Она взяла его за руку и помогла выбраться из гамака. Через две минуты они уже проезжали мимо пруда с лотосами и огромного Будды, медитировавшего под капюшоном кобры, мимо белого быка, а потом выехали через главные ворота. Дождь кончился, и на зеленом небе величавые облака сияли фигурами архангелов. Уже низко опустившееся на западе к горизонту солнце светило так ярко, что это казалось чем-то сверхъестественным.
Soles occidere et redire possunt, Nobis cum semel occidit brevis lux, Nox est perpetua una dormienda. Da mi basia mille[75].
Закаты и смерть; смерть, но затем опять поцелуи. А поцелуи означают новые рождения, а потом смерть еще одного поколения тех, кто так любуется закатами.
– Что вы говорите людям, которые умирают? – спросил он. – Тоже внушаете им не забивать себе головы мыслями о бессмертии и продолжать дело?
– Если вам угодно излагать это таким образом, то да: мы внушаем им именно это. Осознание и восприимчивость – в них состоит суть искусства смерти.
– И вы обучаете даже такому искусству?
– Я бы выразилась иначе. Мы помогаем им совершенствоваться в искусстве жизни, даже пока они умирают. Познание, кем в действительности является человек, понимание универсальной и обезличенной жизни, которая протекает внутри каждого из нас, – в этом заключено искусство жизни, и мы можем только помогать умирающим продолжать идти путем познания. До самого конца. А быть может, и после того, как наступит конец.
– После? – удивленно спросил он. – Но вы же сами сказали, что это нечто, о чем умирающие не должны думать.
– Мы не просим их думать об этом. Но если «после» существует, мы стараемся помочь им перейти туда. Если «после» существует, – повторила она, – если универсальная жизнь продолжается, после того как подходит к завершению индивидуальная жизнь твоего «я».
– А как считаете вы сами: она продолжается?
Сузила улыбнулась:
– Мое личное мнение не играет никакой роли. Важно лишь то, что я могу обезличенно испытывать, пока живу, пока умираю и, быть может, даже после смерти.
Она направила машину на стоянку и заглушила двигатель. В деревню они вошли пешком. Рабочий день только что закончился, и на главной улице образовалась такая толпа, что приходилось буквально протискиваться сквозь нее.

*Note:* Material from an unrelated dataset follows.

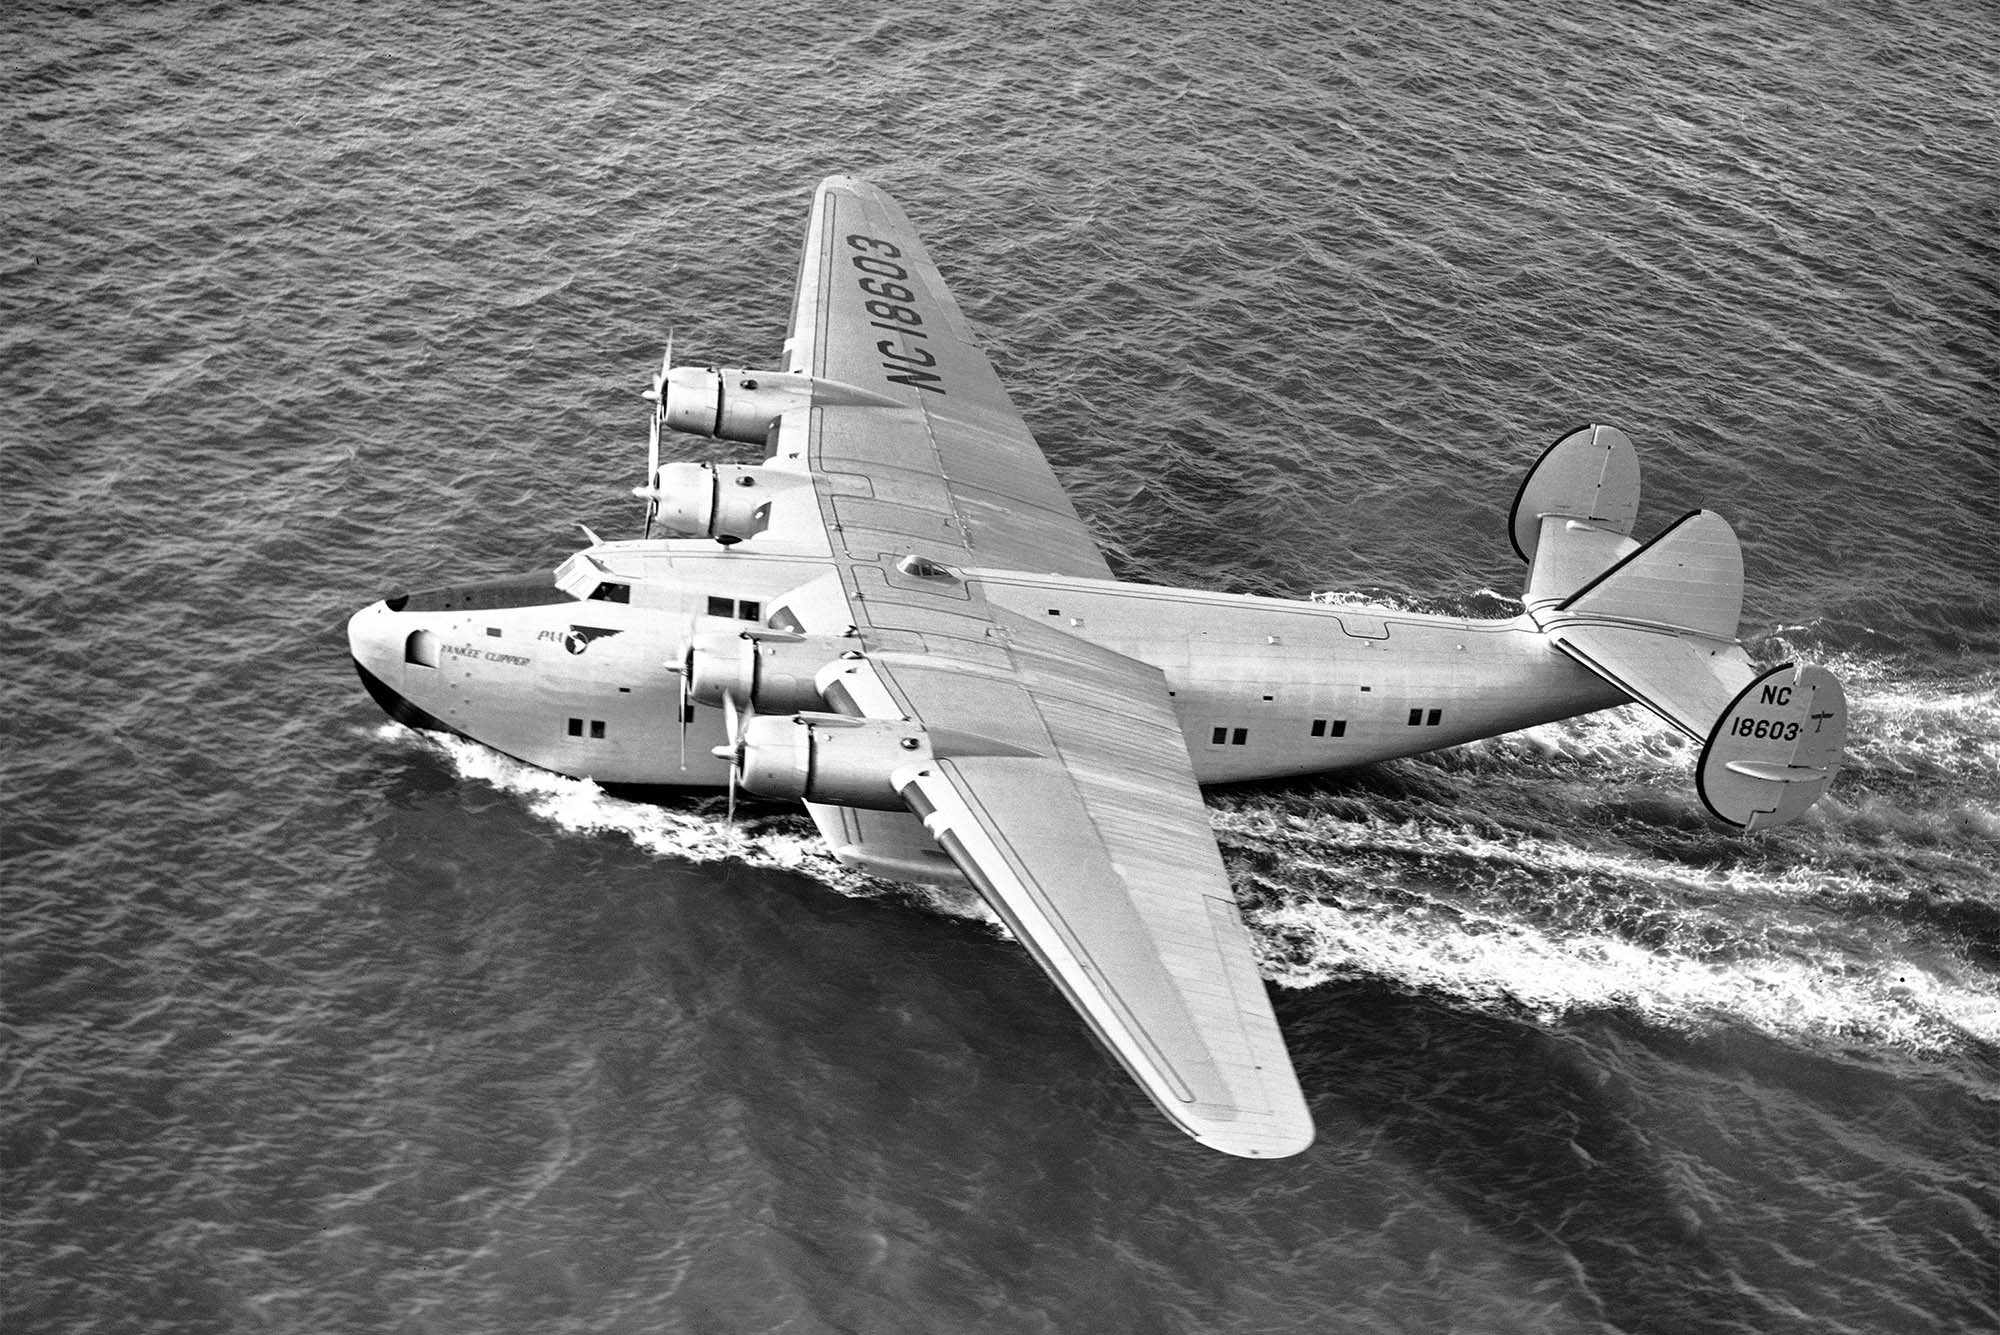 Intimate Histories from the Crash of Pan Am's Yankee Clipper

– Я пойду туда первая, – объявила Сузила, а потом обратилась к Мэри Сароджини: – Вы же будьте в больнице через час. Но не раньше.

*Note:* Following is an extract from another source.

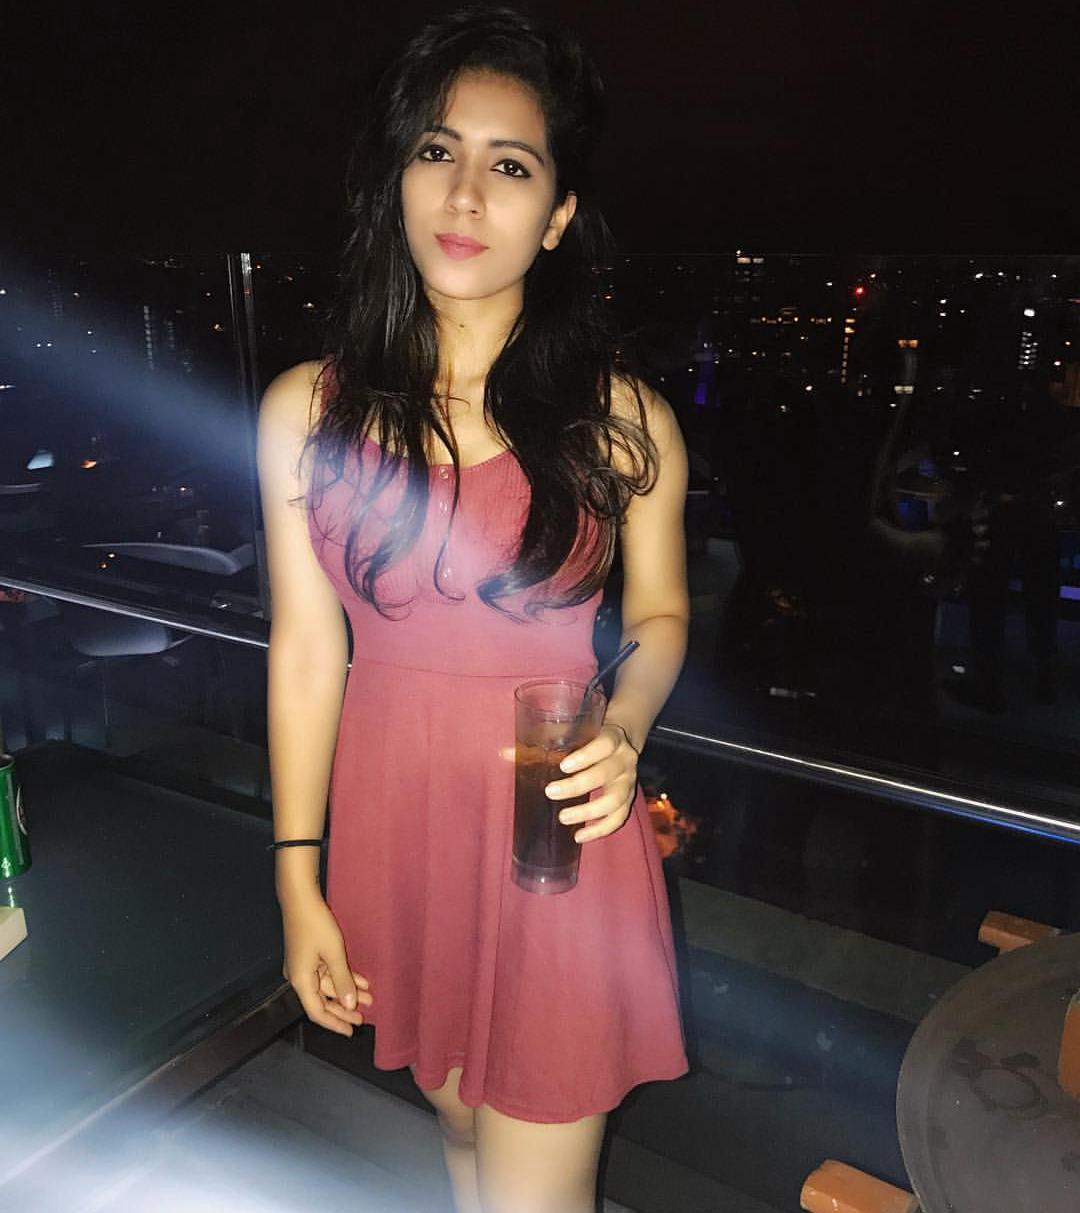 NO ADVANCE HAND TO HAND DIRECT CASH PAYMENT PRIVATE DECENT GIRL BNGLOR

Она повернулась и, прокладывая себе путь среди заполонивших тротуар пешеходов, скоро скрылась из виду.
– Теперь тебе командовать, – сказал Уилл, улыбнувшись стоявшему рядом ребенку.
Мэри Сароджини очень серьезно кивнула и взяла его за руку.

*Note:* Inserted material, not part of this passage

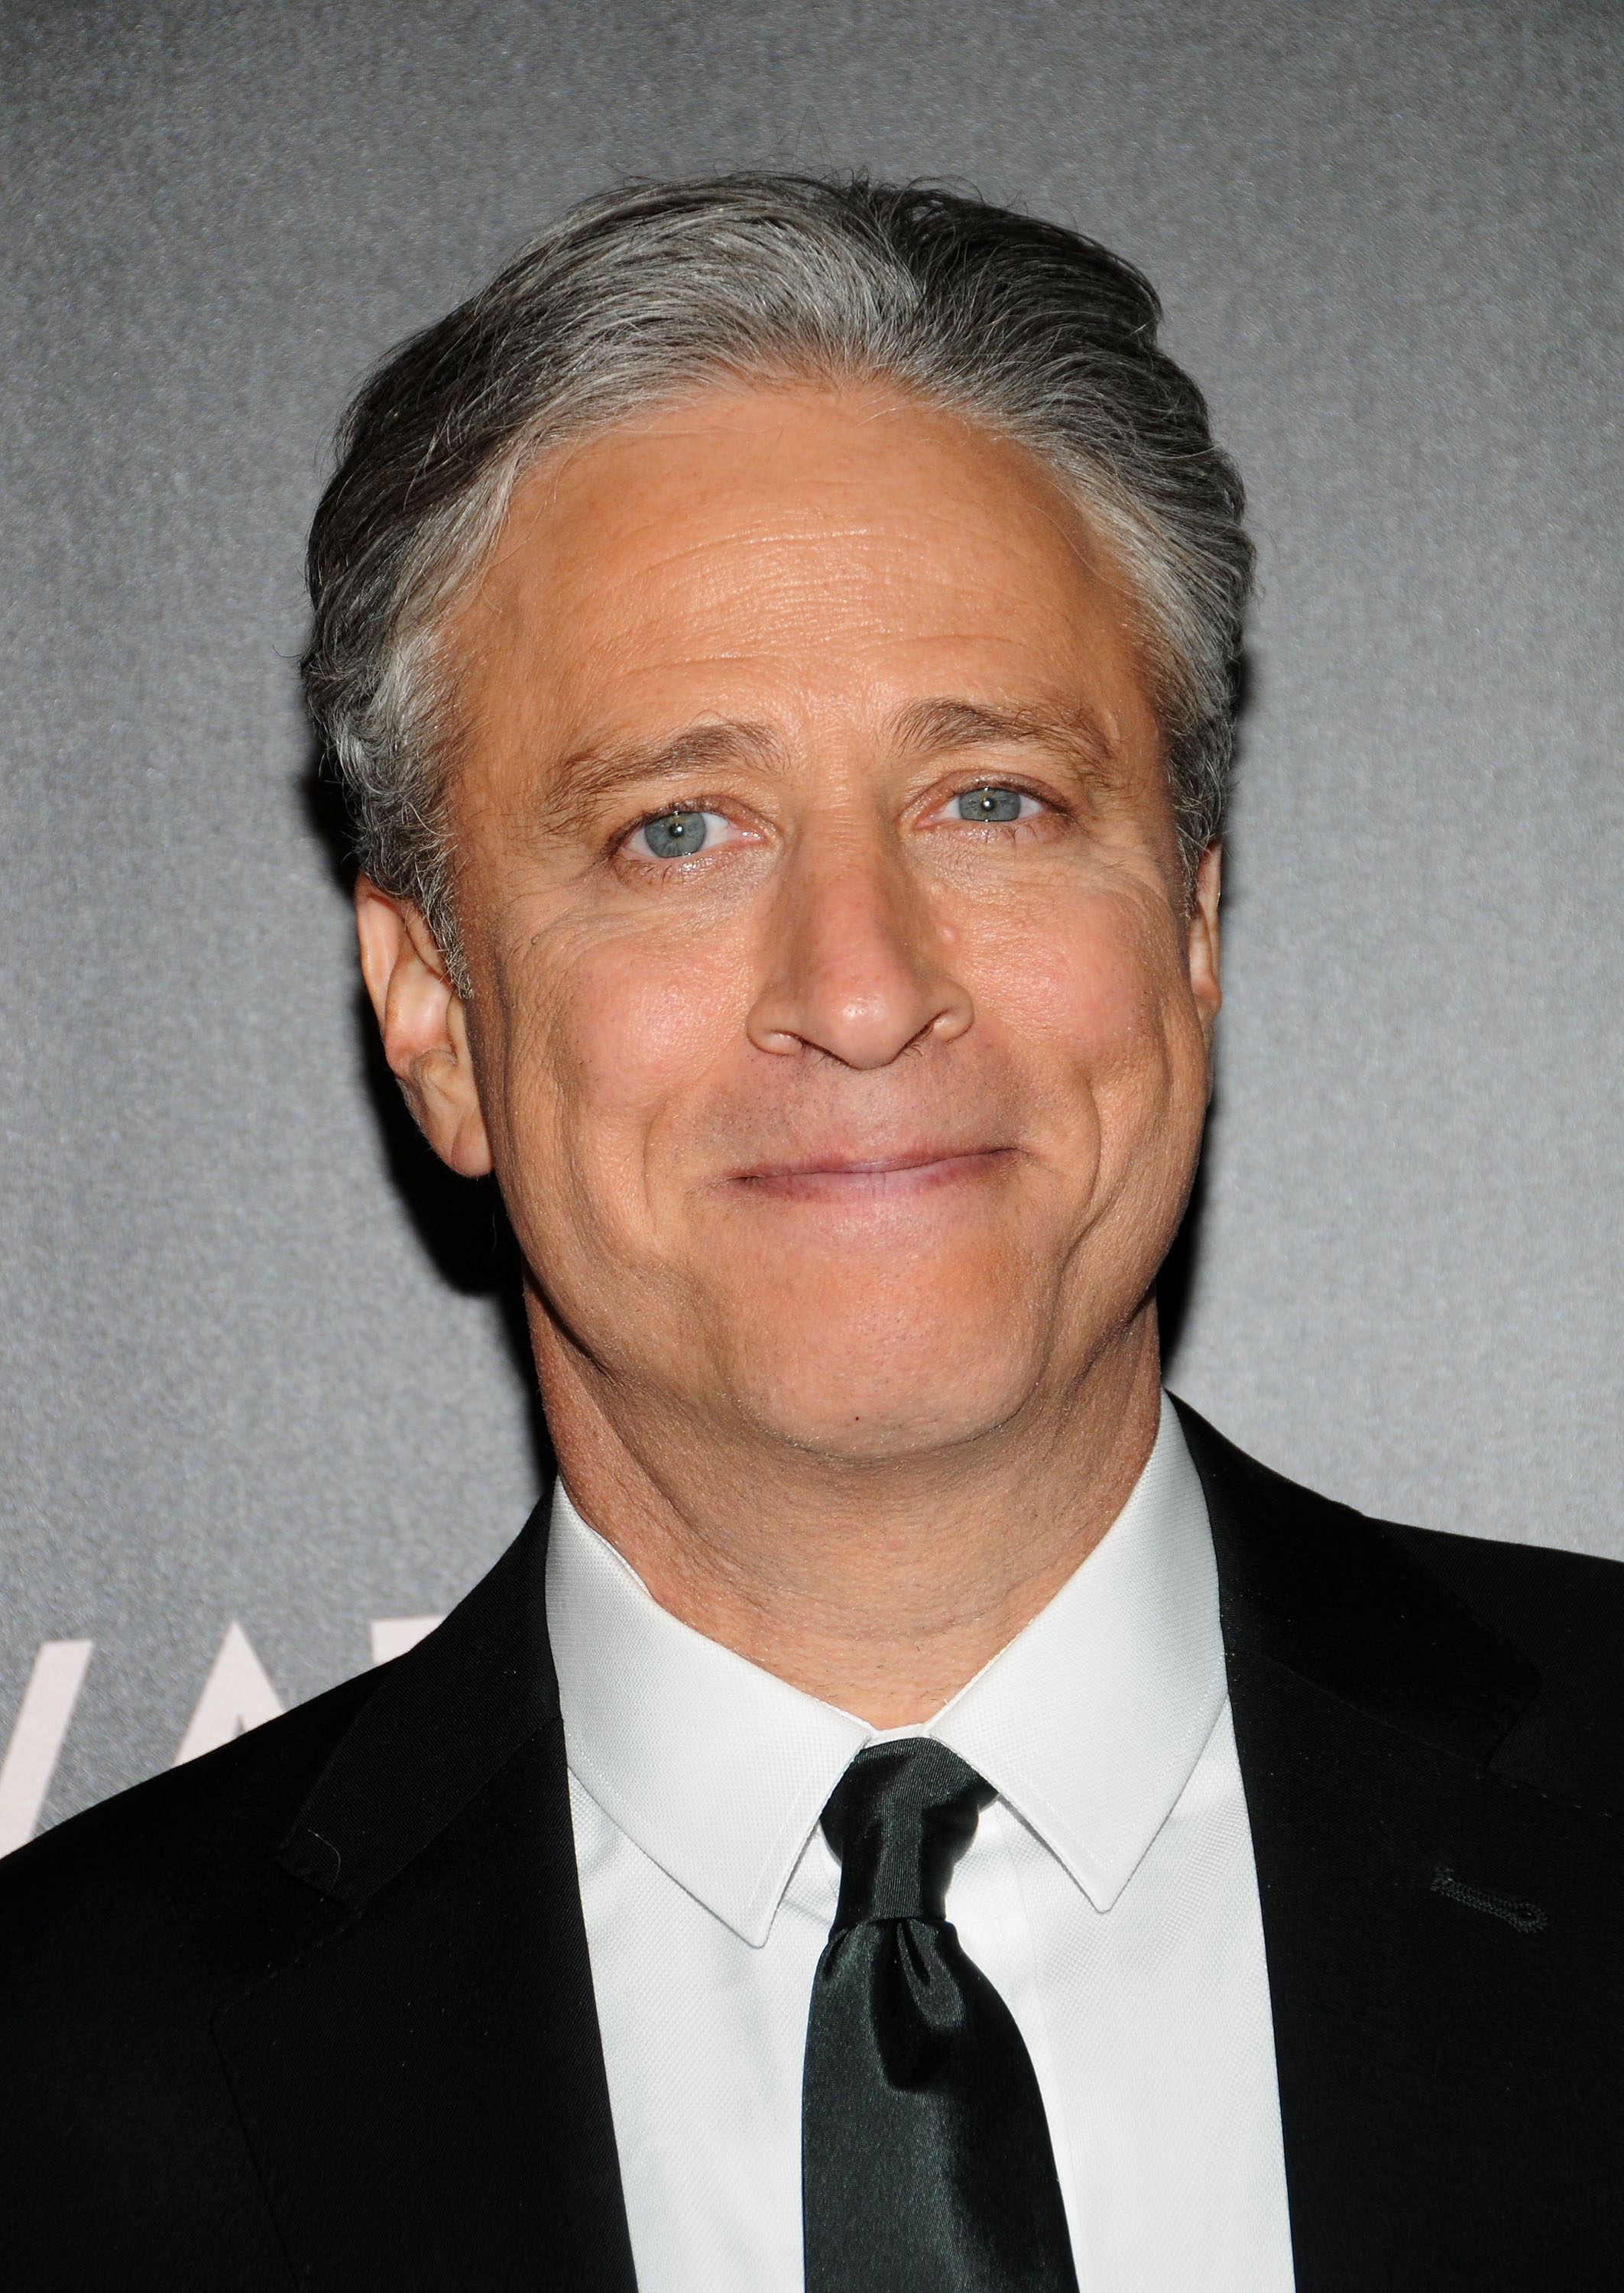 Director-writer-producer Jon Stewart attends the New York premiere of his movie <i>Rosewater</i> at AMC Lincoln Square Theater in New York City on Nov. 12, 2014 (Desiree Navarro—WireImage/Getty Images)

– Пойдемте и посмотрим, что происходит на площади, – предложила она.
– Что случилось с твоей бабушкой Лакшми? – спросил Уилл, когда они тоже двинулись вдоль по густо усыпанной народом улице.
– В точности я не знаю, – ответила Мэри Сароджини. – Она стала выглядеть совсем старенькой. Но это, наверное, потому, что у нее все-таки рак.